Blogging Bayport Alameda

June 18, 2013

Fixing a hole: the numbers

Filed under: Alameda, School — Tags: , — Lauren Do @ 6:08 am

So here are the numbers of what it will cost to fix all the facilities — with the exception of the Historic Alameda High School — if we were just to repair all of the identified problems in existing campuses.

The summary:

Screen Shot 2013-06-03 at 5.10.48 PM

And the breakdown by type of repair:

Screen Shot 2013-06-03 at 5.10.38 PM

And just because graphs are so fun, I dropped the numbers into an infogram, this one doesn’t have much clicky fun things so the screen shots are below:

It’s broken down by High and Middle Schools, Elementary Schools, and other facilities:

Screen Shot 2013-06-03 at 5.13.40 PM

Screen Shot 2013-06-03 at 5.13.50 PM

Screen Shot 2013-06-03 at 5.14.00 PM


  1. If there’s that much wrong with Ruby Bridges, there must be somebody we can sue. Almost $737k in fixes needed in civil, architectural, and electrical? The school is seven years old. If it were a housing development, you can bet there would be a lawsuit. This is not general wear and tear. Somebody screwed up.

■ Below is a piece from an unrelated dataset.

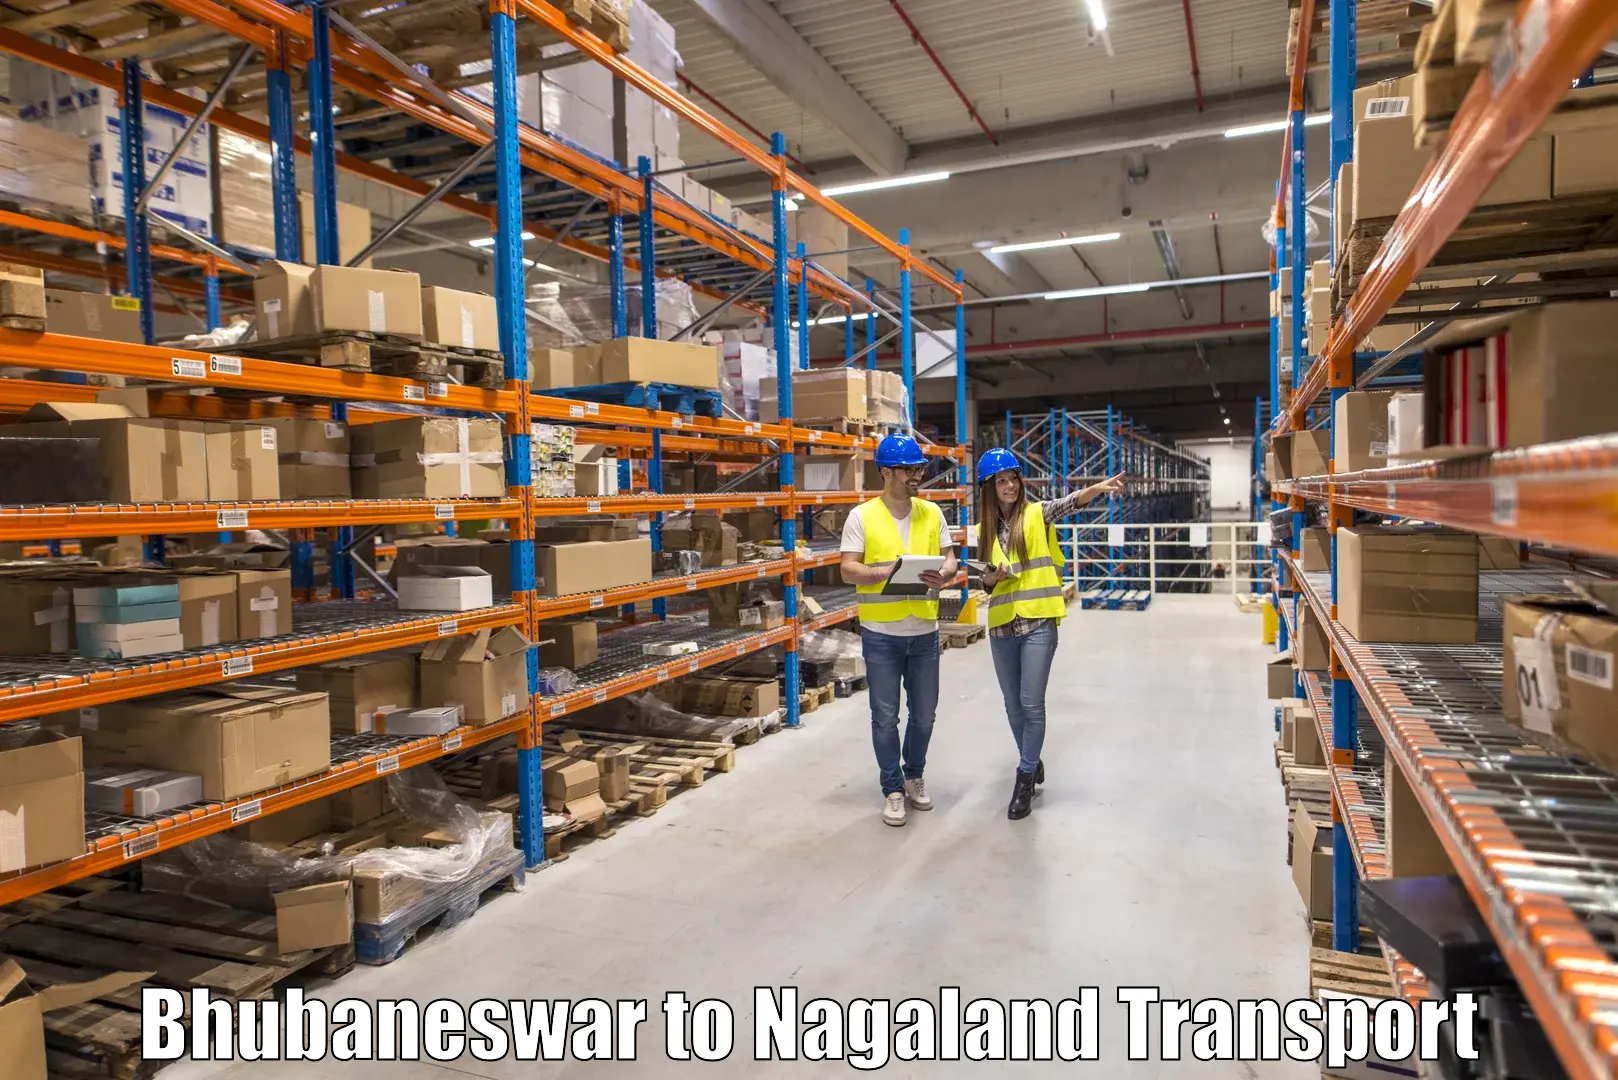 Furniture transport service Bhubaneswar to Wokha

    Comment by Denise Shelton — June 18, 2013 @ 7:34 am

  2. How many readers of this blog went to the meetings to discuss the future of the historic high school building?

    Comment by A Neighbor — June 18, 2013 @ 7:41 am

  3. nice stink hole ! now let’s shift the AFD package a bit the main offices closing , their allocations for out of town or staff recrational activity , the vehicles pool and we have a positive balance ….every Alamedan treated for a BBQ or pancake ,,,,,
    what do they mean by architectural? it is a pretty specific term used on a very generic way

    Comment by mijoka — June 18, 2013 @ 7:41 am

  4. I wonder how much of this work could be done–properly, of course, and to professional standards–by skilled volunteers. many of us have remodeled homes and have skills and time we could willingly donate to AUSD in order to effect some of these repairs and upgrades, assuming that we cold do so legally. Volunteers might be able to lower some of the heavy costs listed in the pretty charts….

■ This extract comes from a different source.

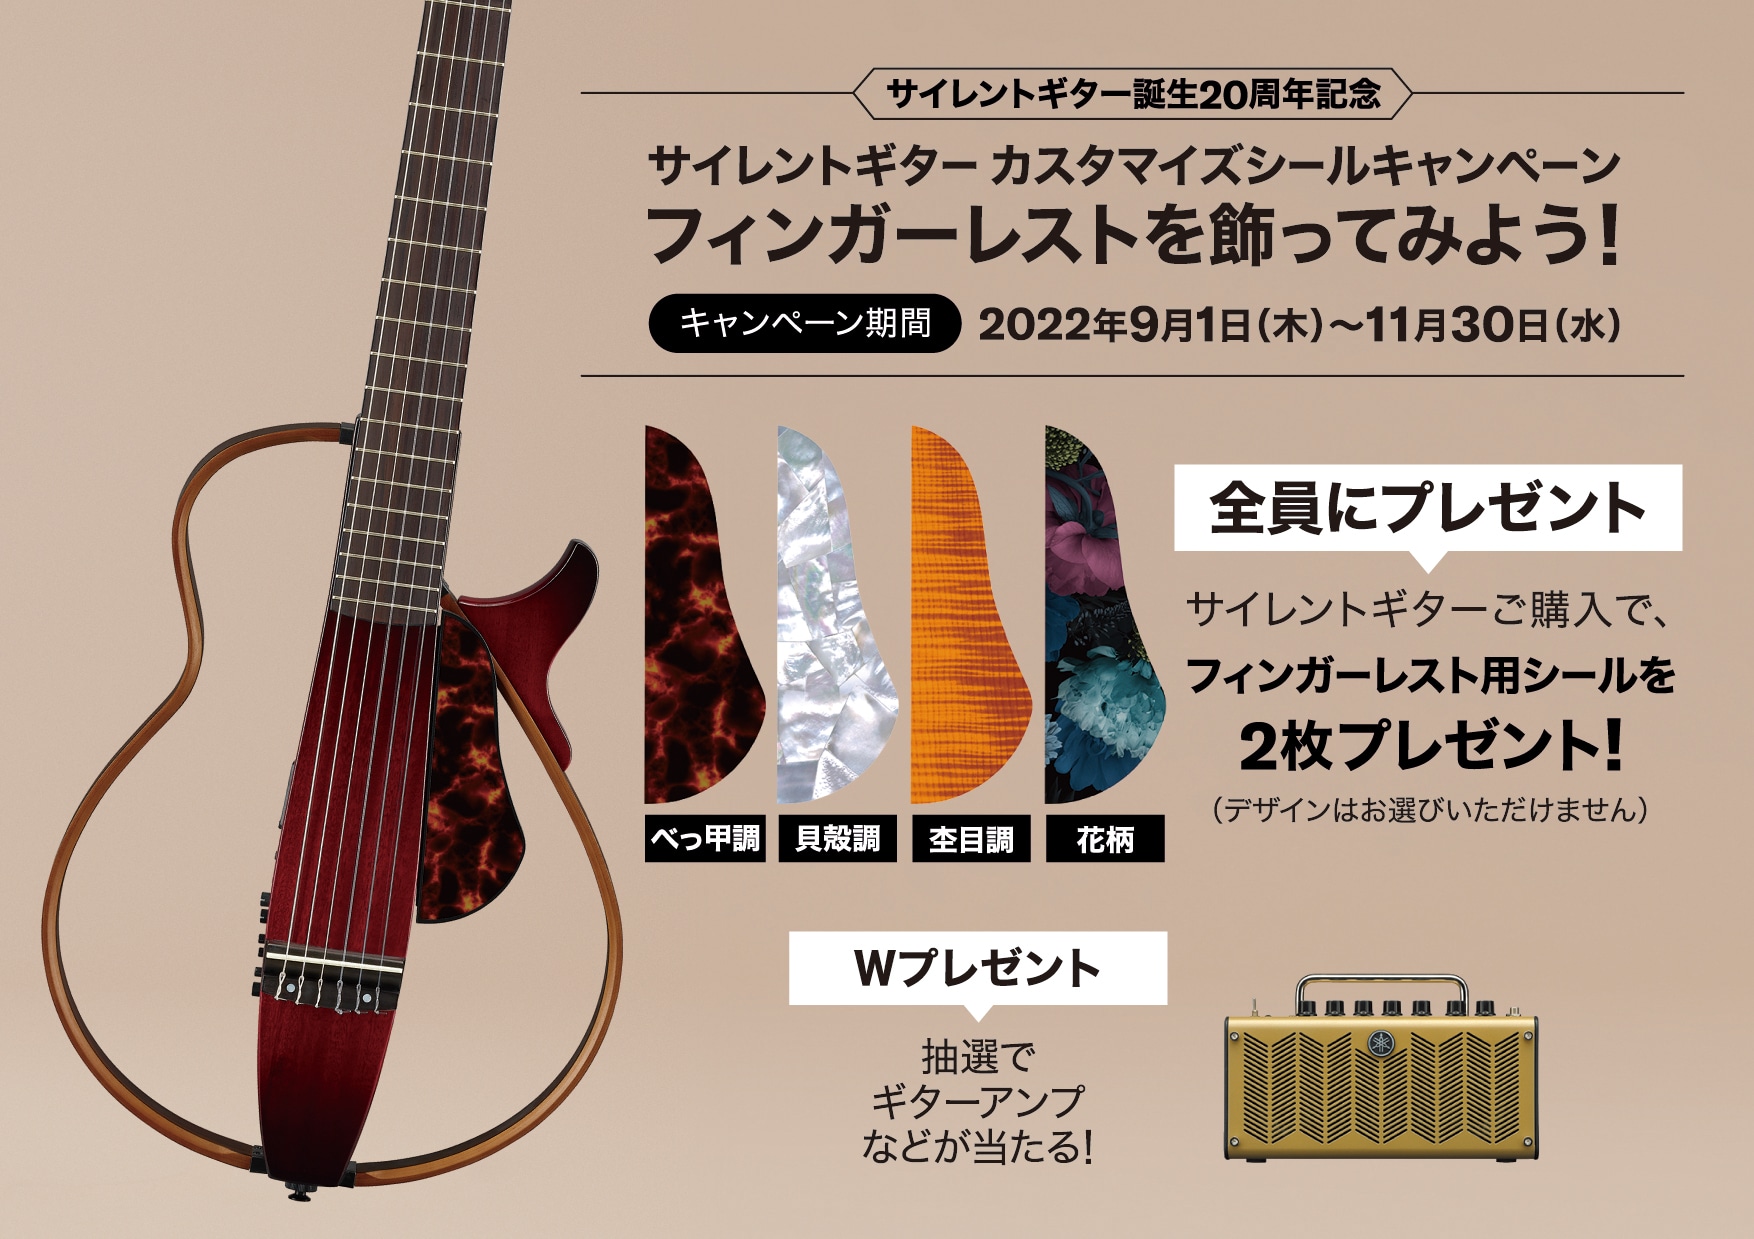 ヤマハ | サイレントギター™カスタマイズシールキャンペーン - ギター

    Comment by Jon Spangler — June 18, 2013 @ 10:44 am

  5. But before we build the teachers new bricks and mortar structures let’s make sure we fix the the hole between their ears.

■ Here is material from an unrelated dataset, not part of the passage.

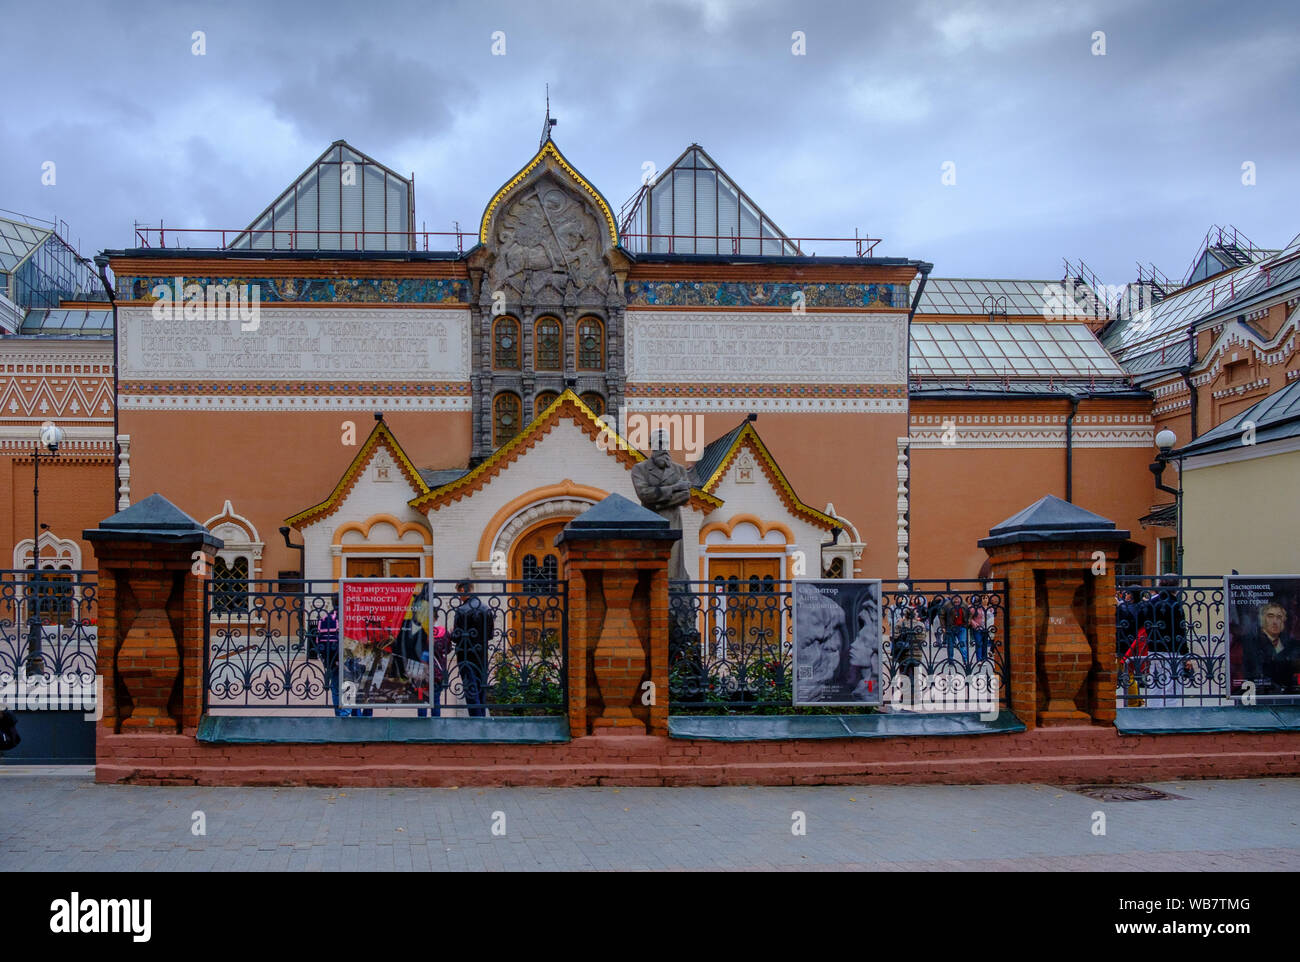 Moscou, Russie - 1 août 2019 : Galerie nationale Tretiakov est une galerie d'art à Moscou, Russie, le principal dépositaire de l'art russe dans le monde entier Banque D'Images

    “….. America, where virtually anyone who graduates from college can become a teacher, and where job security, not teacher excellence, defines the workforce culture. According to the consulting firm McKinsey, “The U.S. attracts most of its teachers from the bottom two-thirds of college classes, with nearly half coming from the bottom third.” And, today, more than a third of math teachers in the U.S. don’t have an undergraduate degree in math, let alone a Master’s degree. Yet, even with this remarkably low threshold for entry, once someone becomes a teacher in the U.S., it’s virtually impossible to remove him or her for poor performance.”

    Comment by Jack R — June 18, 2013 @ 5:36 pm

  6. from Atlantic: “What explains this cross-national difference? It does not seem to be teacher pay. Although teacher salaries in Finland are slightly higher than the average salary there, they are comparable to teacher salaries in other European countries. And when adjusted for national price indices, they’re lower than teacher salaries in the U.S.”

    Then just what is the average income in Finland and how much do they pay in taxes or receive in benefits like nationalized health care? Finnish teachers are slightly higher than average salary in Finland. Where are our teacher salaries compared to our average? Joel Klein is on the list of dubiously over celebrated “reformers” who may have even juked the numbers for New York City schools during his tenure by lowering the bar to manipulate them. Would he use selective statistics in an article like this?

    The uniformity of standards for teaching sounds great but Finland isn’t composed of 50 states with vastly different cultures. Direct comparisons to relatively homogenous countries like Japan or Korea can be problematic. What are their immigrant populations and how many students first language is not English?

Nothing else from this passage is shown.